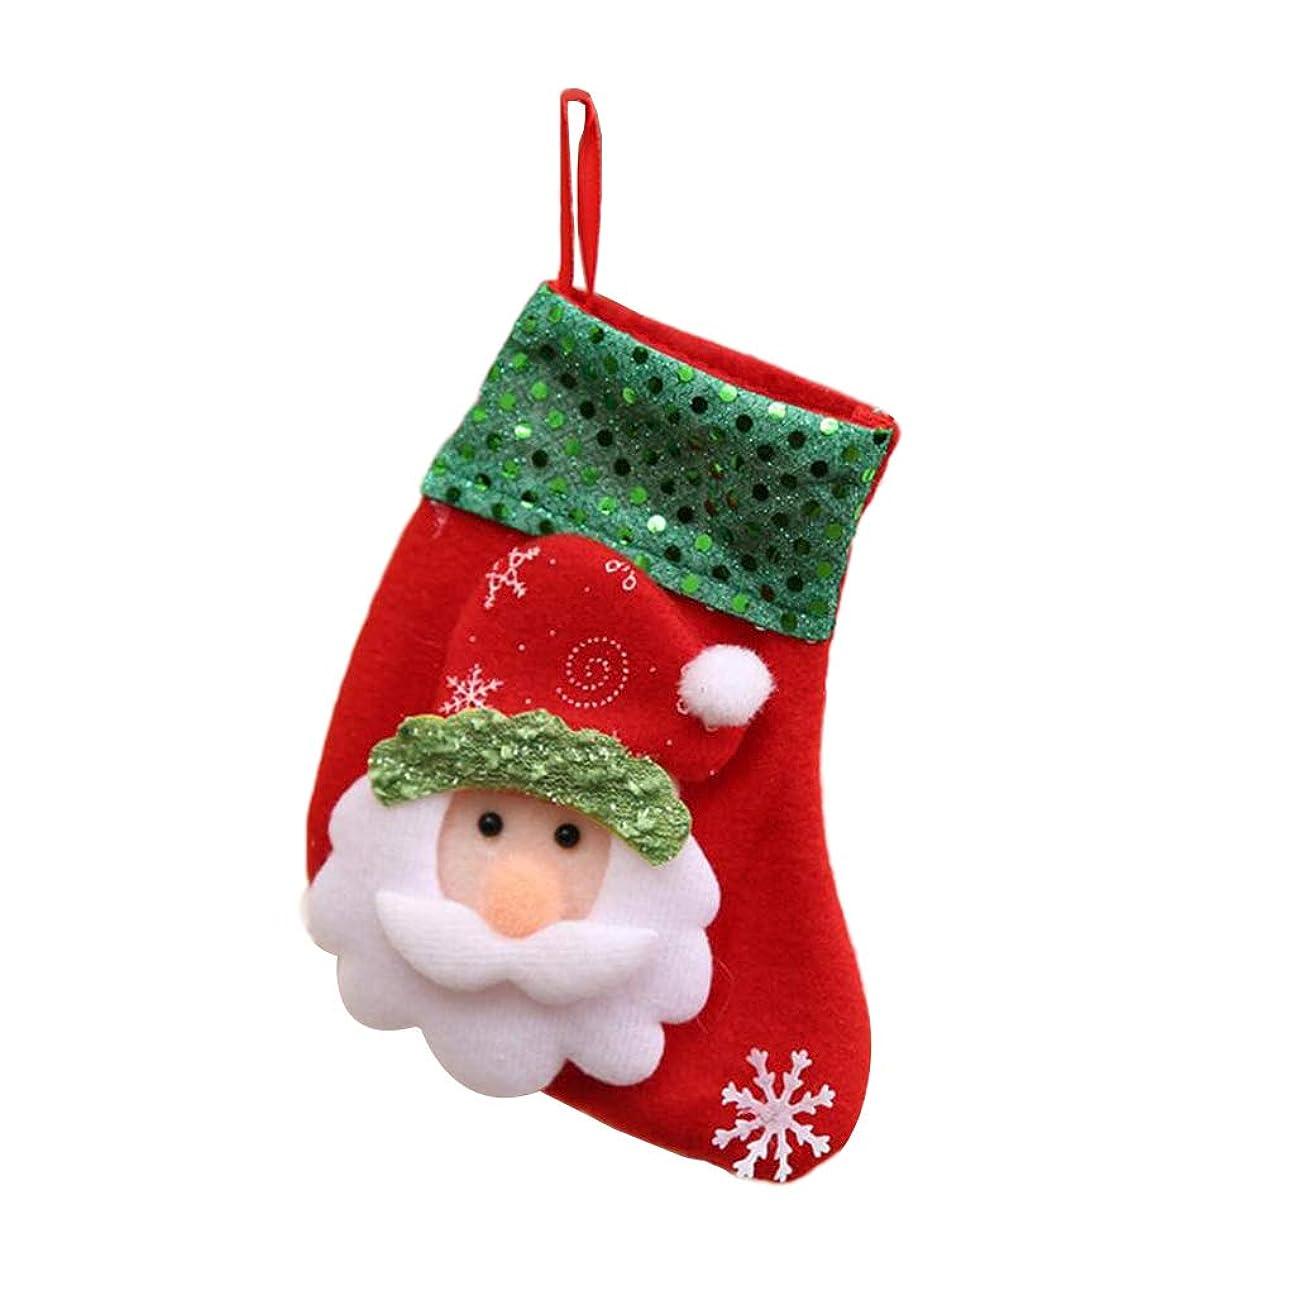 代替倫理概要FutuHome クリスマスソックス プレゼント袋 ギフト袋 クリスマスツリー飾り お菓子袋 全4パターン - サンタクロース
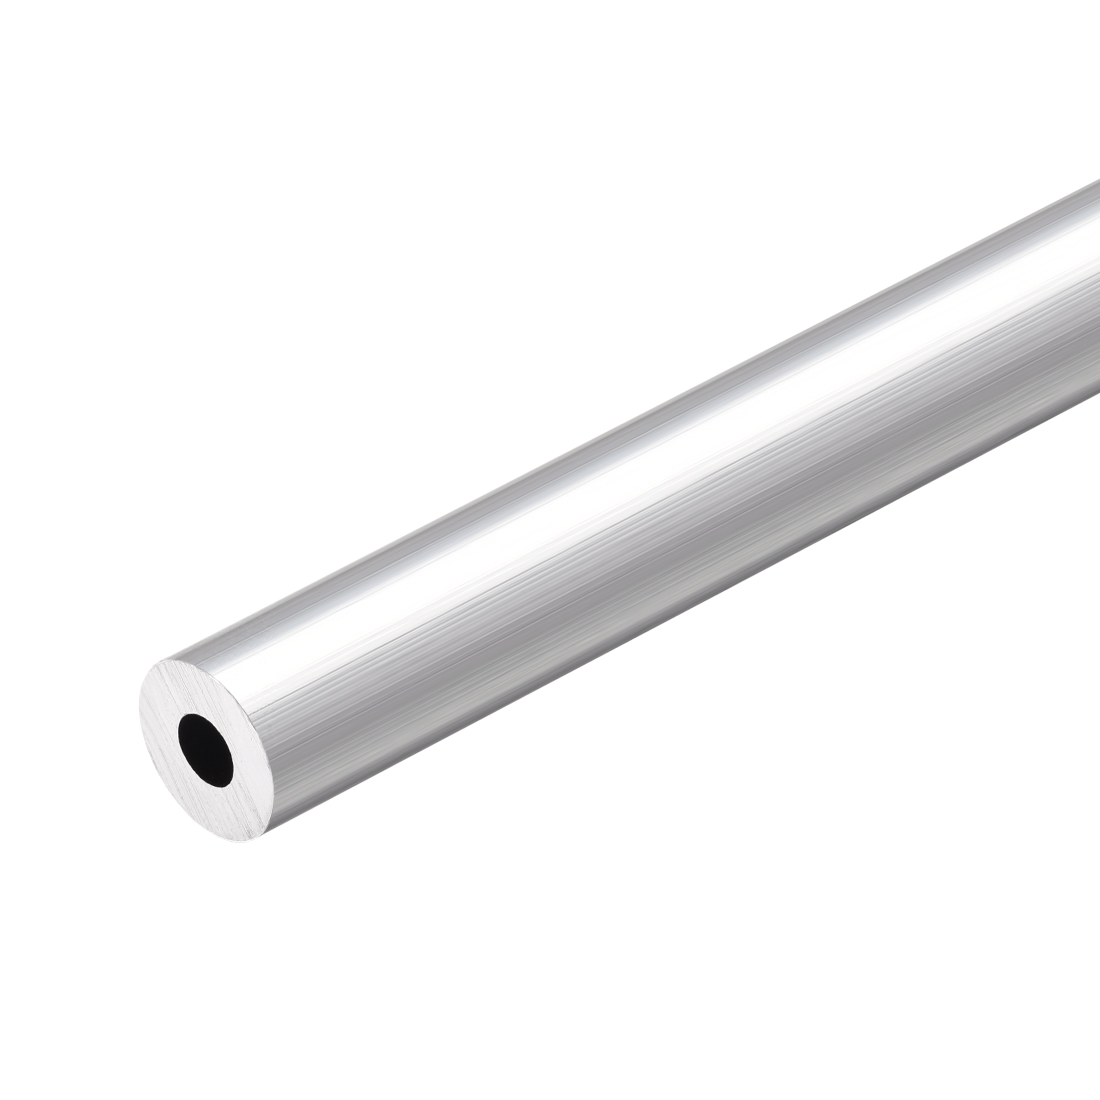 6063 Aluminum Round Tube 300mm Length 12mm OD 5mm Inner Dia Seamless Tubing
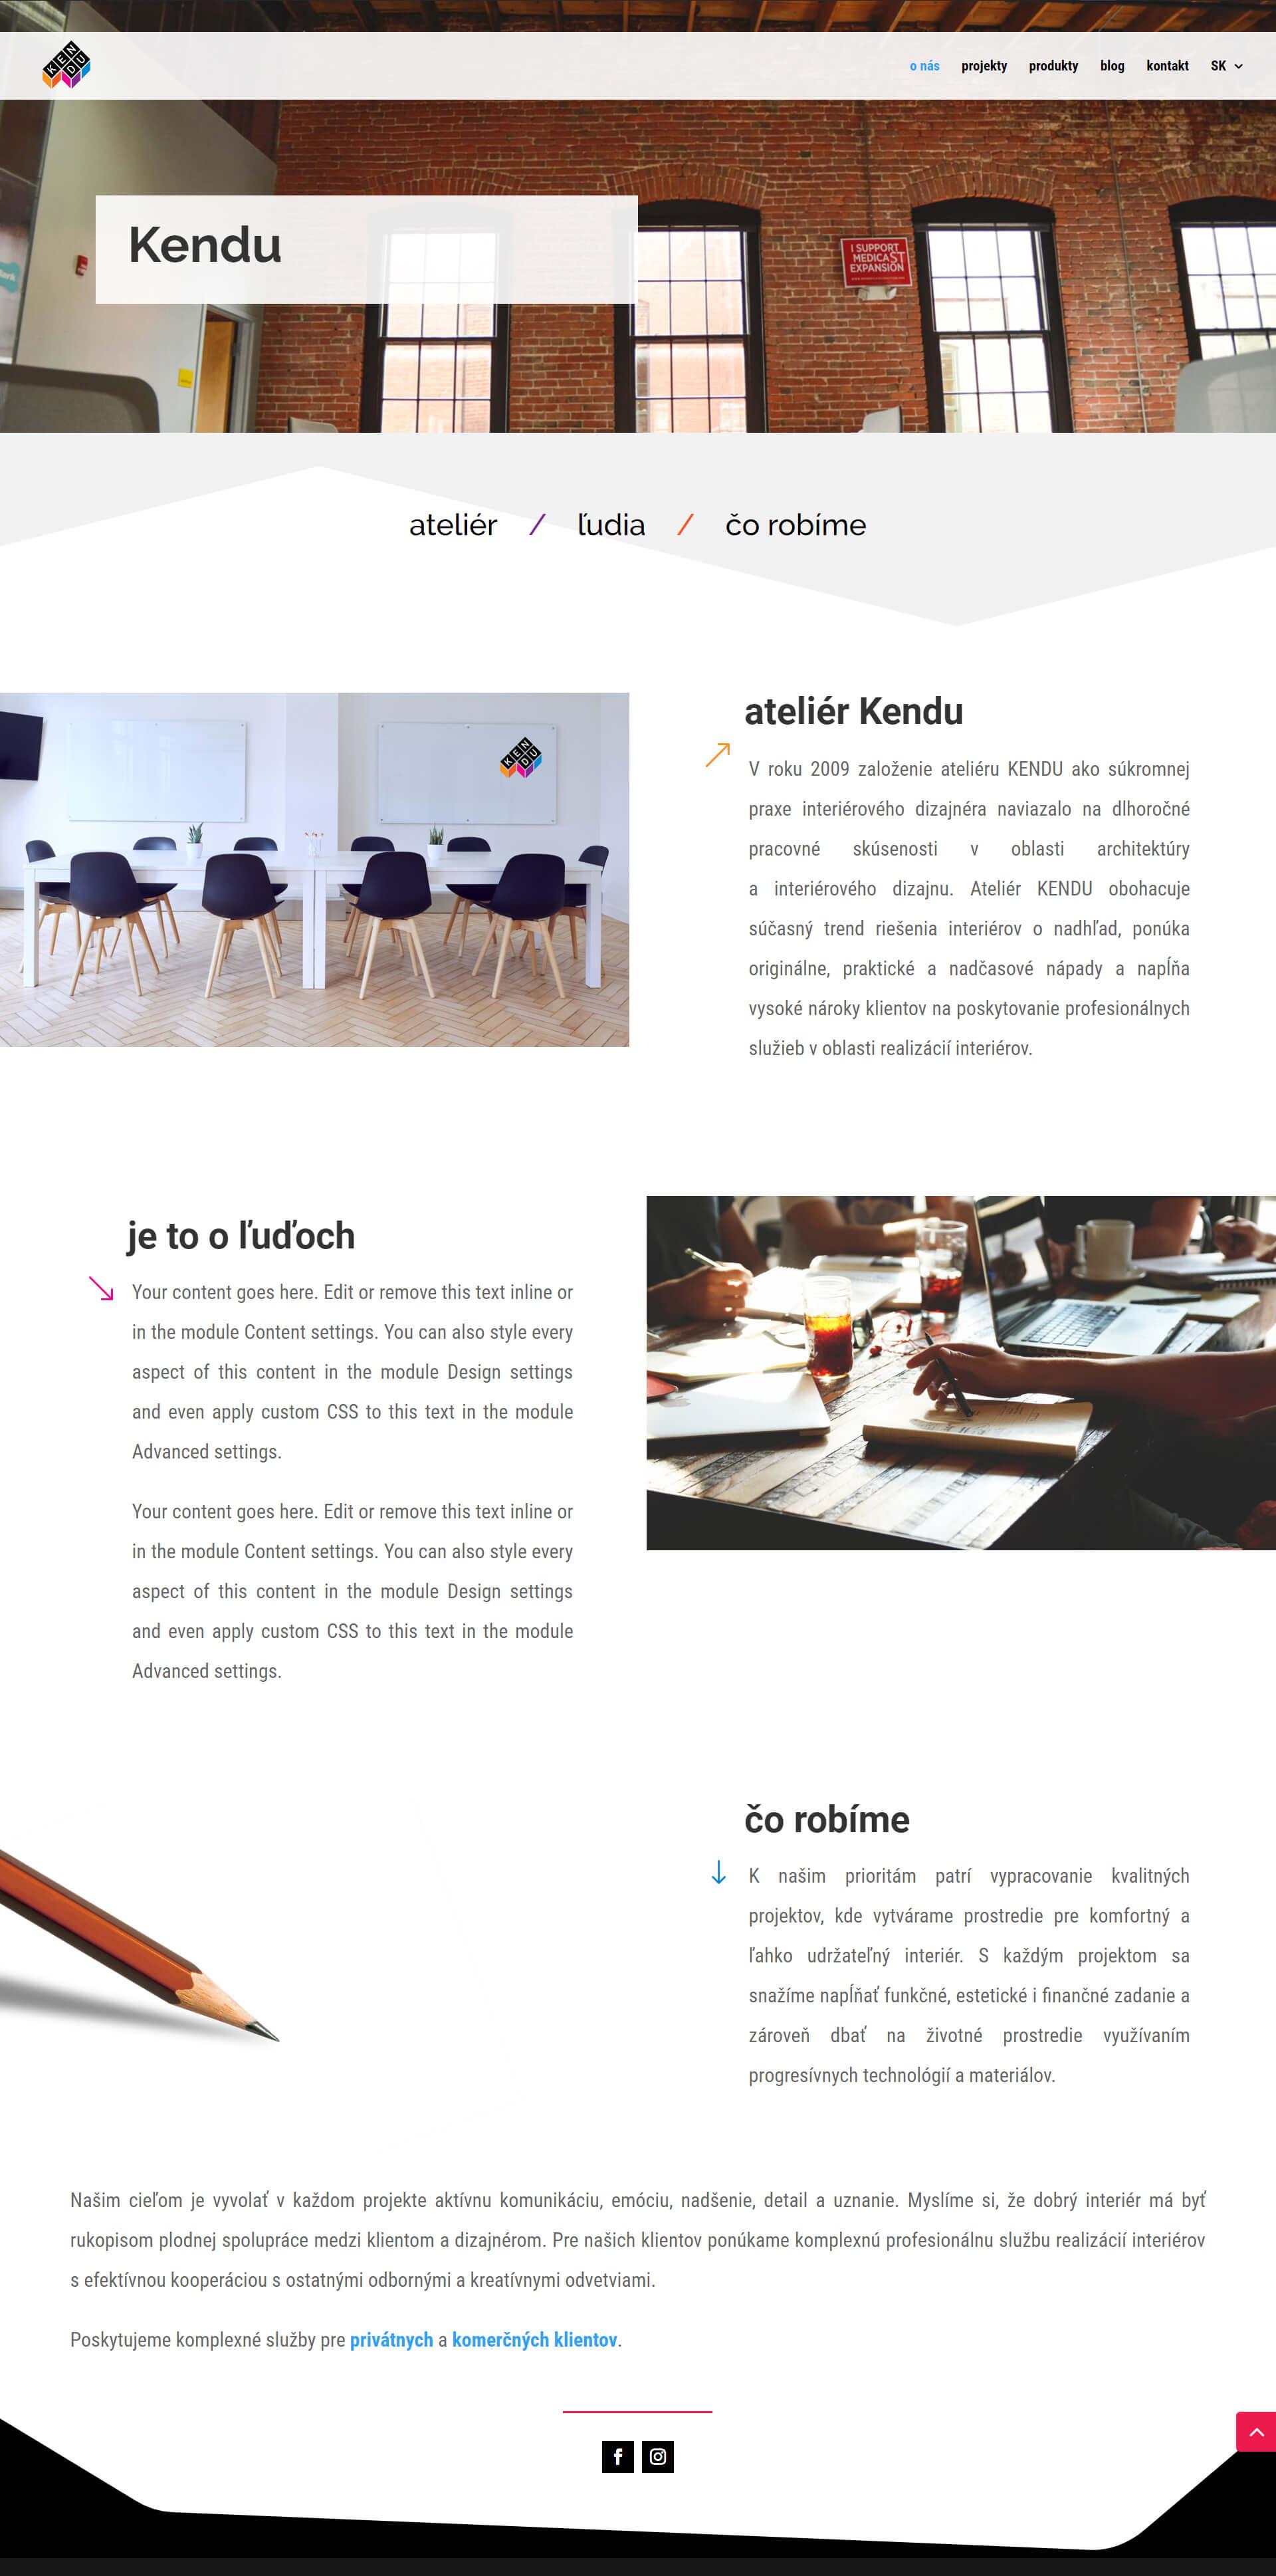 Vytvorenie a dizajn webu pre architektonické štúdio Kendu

--- REQUIREMENT ---
Reproduce exactly the lines above from the one with "6063 Aluminum Round" through the last line of the data, keeping both ends and dropping the pictures.

--- OUTPUT OF THE EXERCISE ---
 6063 Aluminum Round Tube 300mm Length 12mm OD 5mm Inner Dia Seamless Tubing
 Vytvorenie a dizajn webu pre architektonické štúdio Kendu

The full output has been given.